Published 04/23/2025, 02:53 PM

Amazon (NASDAQ:AMZN) closed just above $173 on Tuesday with a 3.5% gain, its best showing in several sessions. But the bigger picture still looks murky. Shares remain down 30% from February’s all-time high and have badly lagged the broader S&P 500 during the market’s recent rebound.

Moreover, while the stock has managed to stay above its Apr. 7 low, it hasn’t attracted enthusiastic buyers. The trading range has narrowed, the bid has weakened, and price action suggests a standoff between bulls trying to stage a bounce and bears unwilling to let it rip. With earnings due next week, something will give, and that catalyst may be right around the corner.

Wall Street Still Loves It

Despite the muted stock performance, Wall Street hasn’t backed off. Analyst enthusiasm around Amazon has only grown louder in the past week. Telsey Advisory Group, Goldman Sachs, Jefferies and Scotiabank (TSX:BNS) have all reiterated Buy or equivalent ratings, with Scotiabank calling for a price target of $250. That implies more than 40% upside from Tuesday’s close.

Morgan Stanley still names Amazon a Top Pick and maintains an Overweight rating, even while acknowledging that macro uncertainty has clouded near-term visibility. Though the firm recently lowered its 2026 EPS forecast to $7 and reset its price target at $245, this is still far from where the stock is trading now.

The takeaway is that despite near-term noise, analysts treat Amazon’s weakness as an opportunity, not a warning. Valuation, growth potential, and AI leverage are all cited as reasons for the bullish heading into earnings.

Valuation Is Becoming Hard to Ignore

Bank of America made headlines this week by framing Amazon’s valuation in comparison to Walmart (NYSE:WMT). At 23x 2026 GAAP P/E, Amazon trades directly to Walmart’s 32x multiple at a meaningful discount. Analyst Justin Post argued that macro headwinds have unfairly steered investors toward Walmart despite Amazon’s superior AI potential and the margin upside within its retail and cloud businesses.
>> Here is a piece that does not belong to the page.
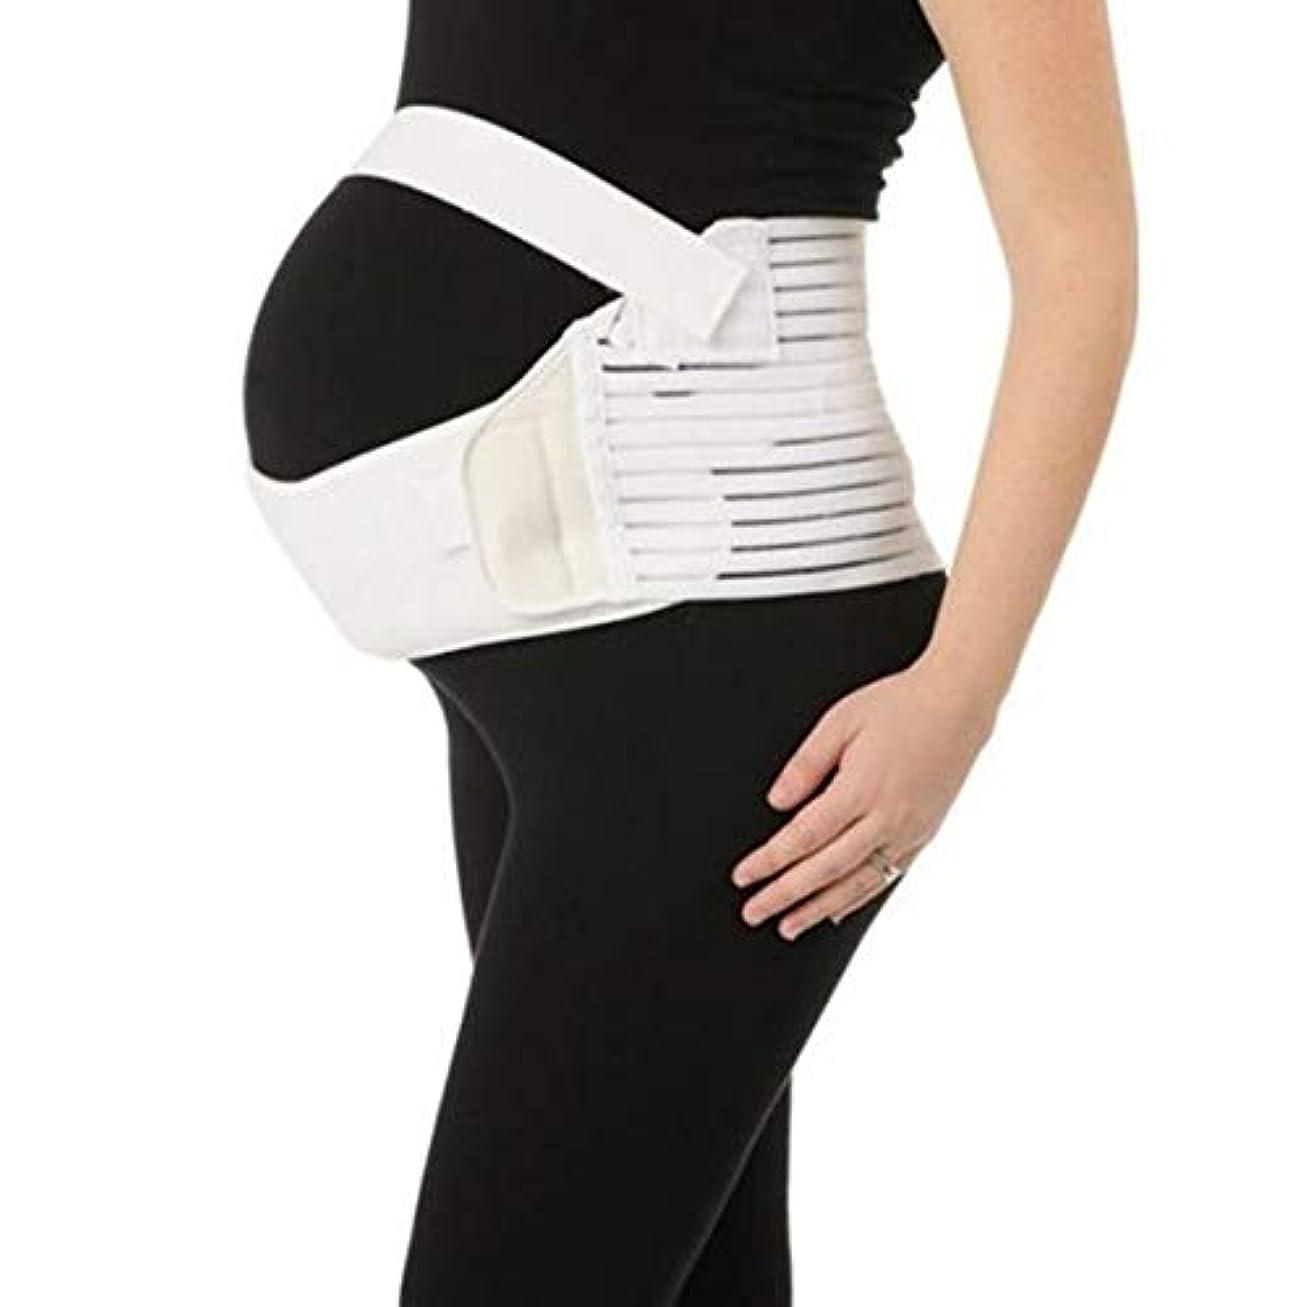 人工的なドル冷笑する通気性マタニティベルト妊娠腹部サポート腹部バインダーガードル運動包帯産後の回復shapewear - ホワイトL
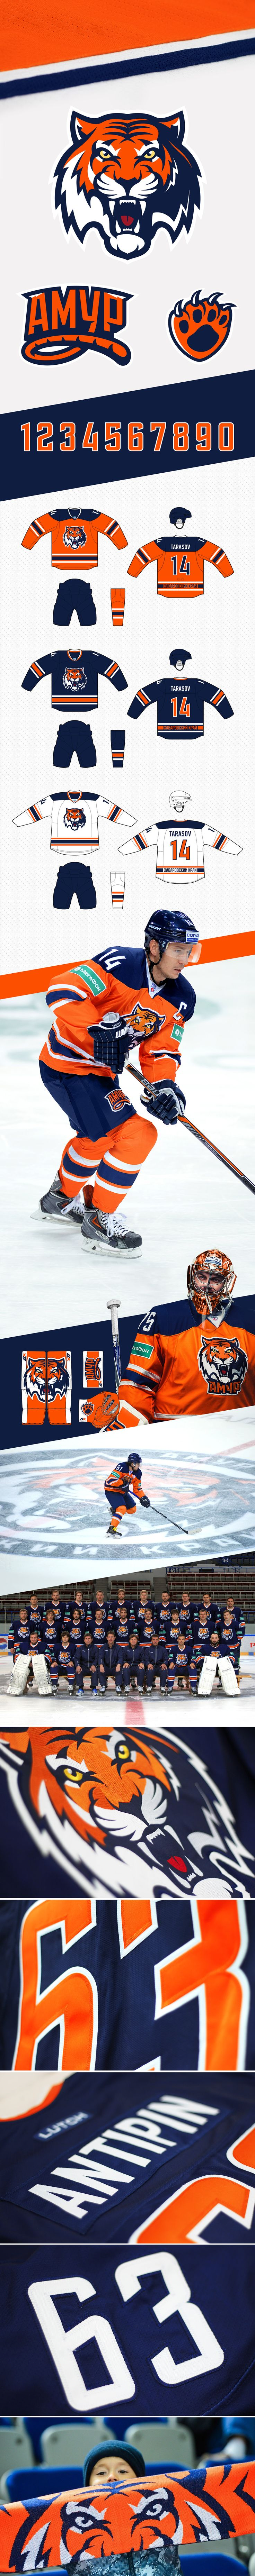 Amur Khabarovsk hockey club. Identity on Behance

He also noted that Amazon’s scale gives it a real edge in a world of rising tariffs. With global logistics locked in and its vast fulfillment network already built out, Amazon may be positioned to gain share if trade tensions disrupt smaller players.

That P/E discount is hard to ignore, especially when paired with a stock that is now trading around levels last seen in 2020. With so much of the downside already priced in, the risk-reward heading into next week’s report could be favorable.
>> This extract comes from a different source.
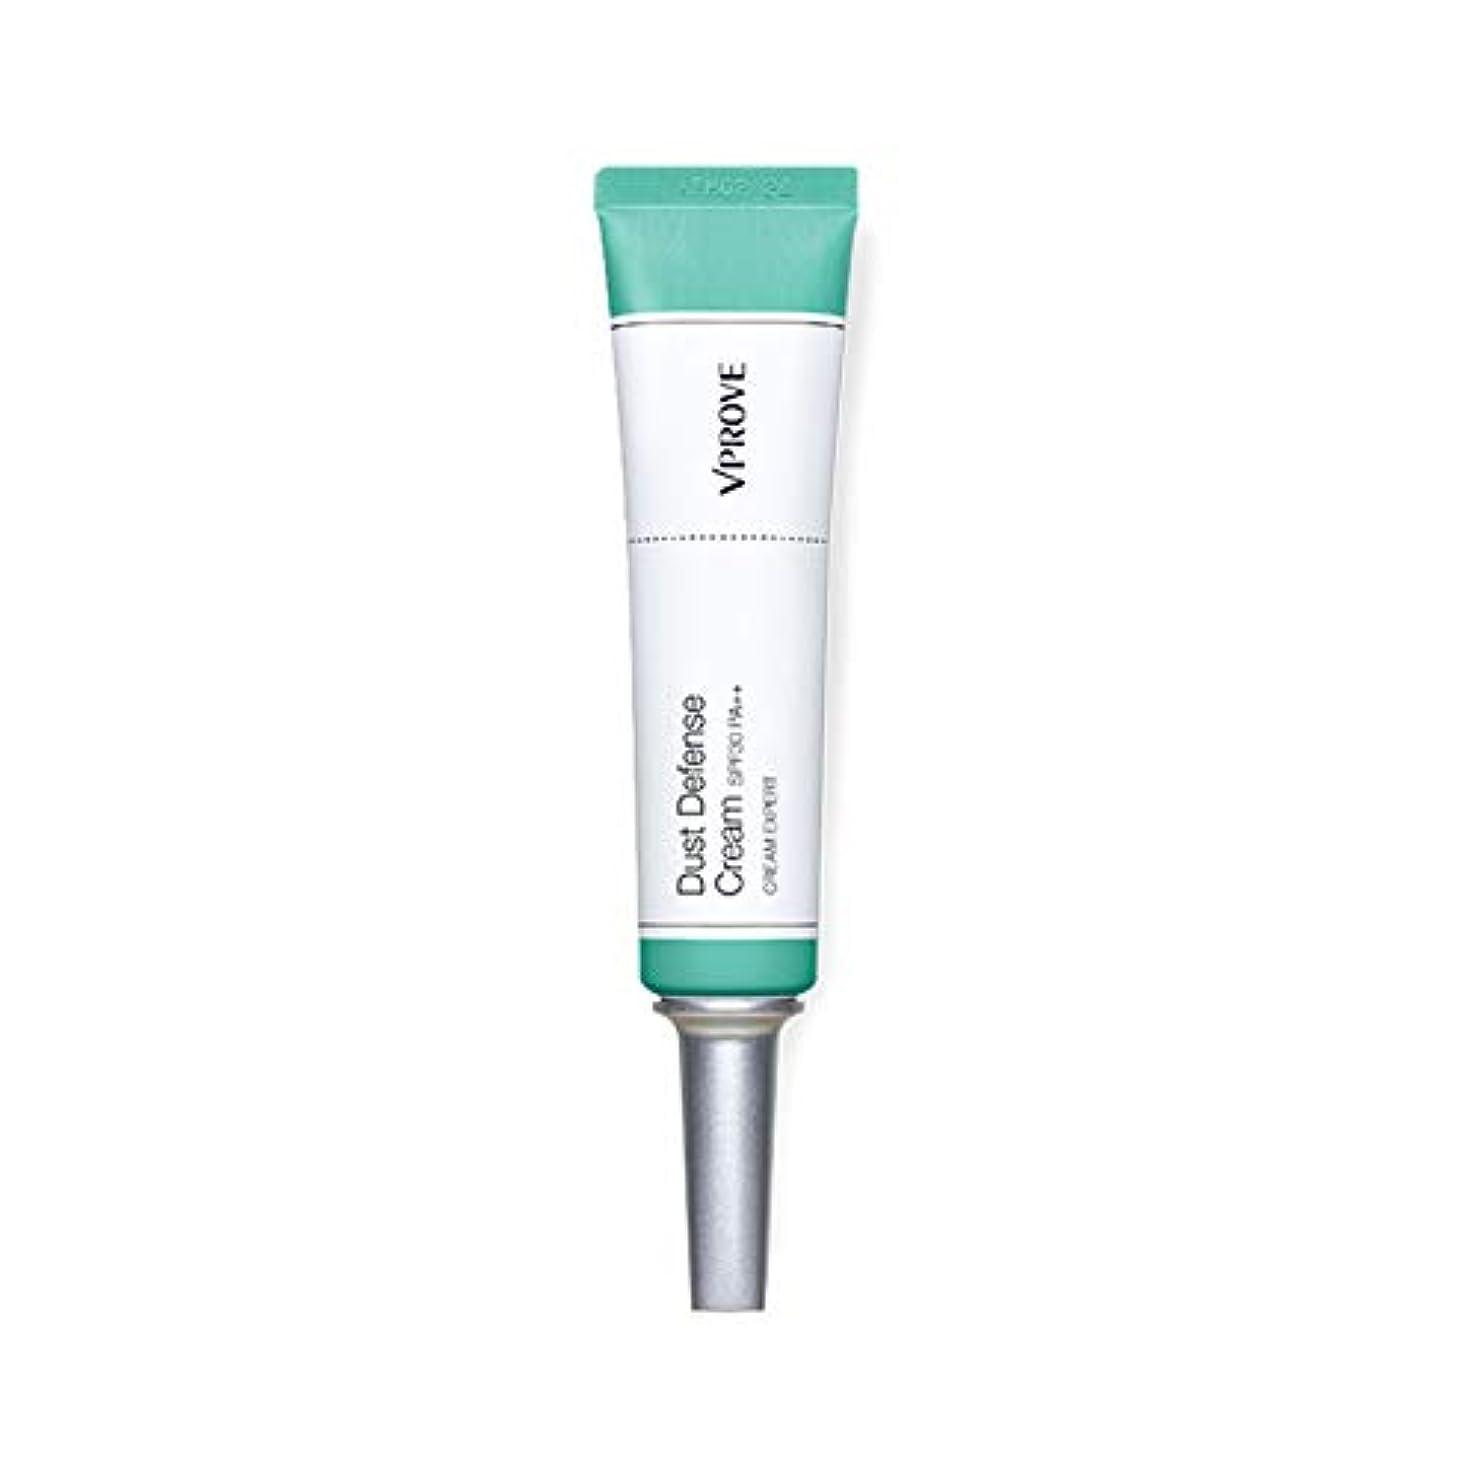 描くアカデミーの[コスモコス]COSMOCOS VPROVE クリームエキスパートダストディフェンスクリーム SPF30 PA++ 35g 海外直送品 cream expert dust defense cream [並行輸入品]

Mixed Signals From AWS and Macro Jitters

Still, the concerns haven’t vanished. Over the weekend, Wells Fargo noted that Amazon Web Services (AWS) has paused some leasing discussions for data centers, especially internationally. While not a deal-breaker on its own, the move adds to a sense of cautious positioning in one of Amazon’s highest-margin businesses.

Analyst Eric Luebchow noted that this pause is similar to what’s being seen elsewhere in the industry as companies digest aggressive leasing activity from the past year. While it doesn’t imply cancellations, the optics aren’t great for those looking for signs of acceleration.

More broadly, macro uncertainty continues to weigh on sentiment. Higher interest rates, trade concerns, and general caution toward mega-cap tech have left Amazon somewhat out of favor. Even with analysts backing it, the stock hasn’t gained meaningful traction, which could change quickly if next week’s earnings reset the narrative.

Earnings Could Be the Catalyst

With Amazon reporting earnings next week, the clock is ticking to resolve this range. The company has a solid history of outperforming expectations, and another strong print could force short-covering and reinvigorate institutional interest.

A weaker-than-expected number, however, might cement the current malaise for longer.

The stock has now been grinding along at 2020-era price levels, with bulls unable to break higher and bears unable to push it lower. With analyst sentiment solidly in the bull camp, next week could bring the clarity both sides have been waiting for.

Amazon is stuck in neutral, but not for lack of support. Analysts continue to pound the table, and valuation metrics are starting to flash cheaply. The problem has been follow-through; buyers just haven’t shown up in force yet. That could be about to change.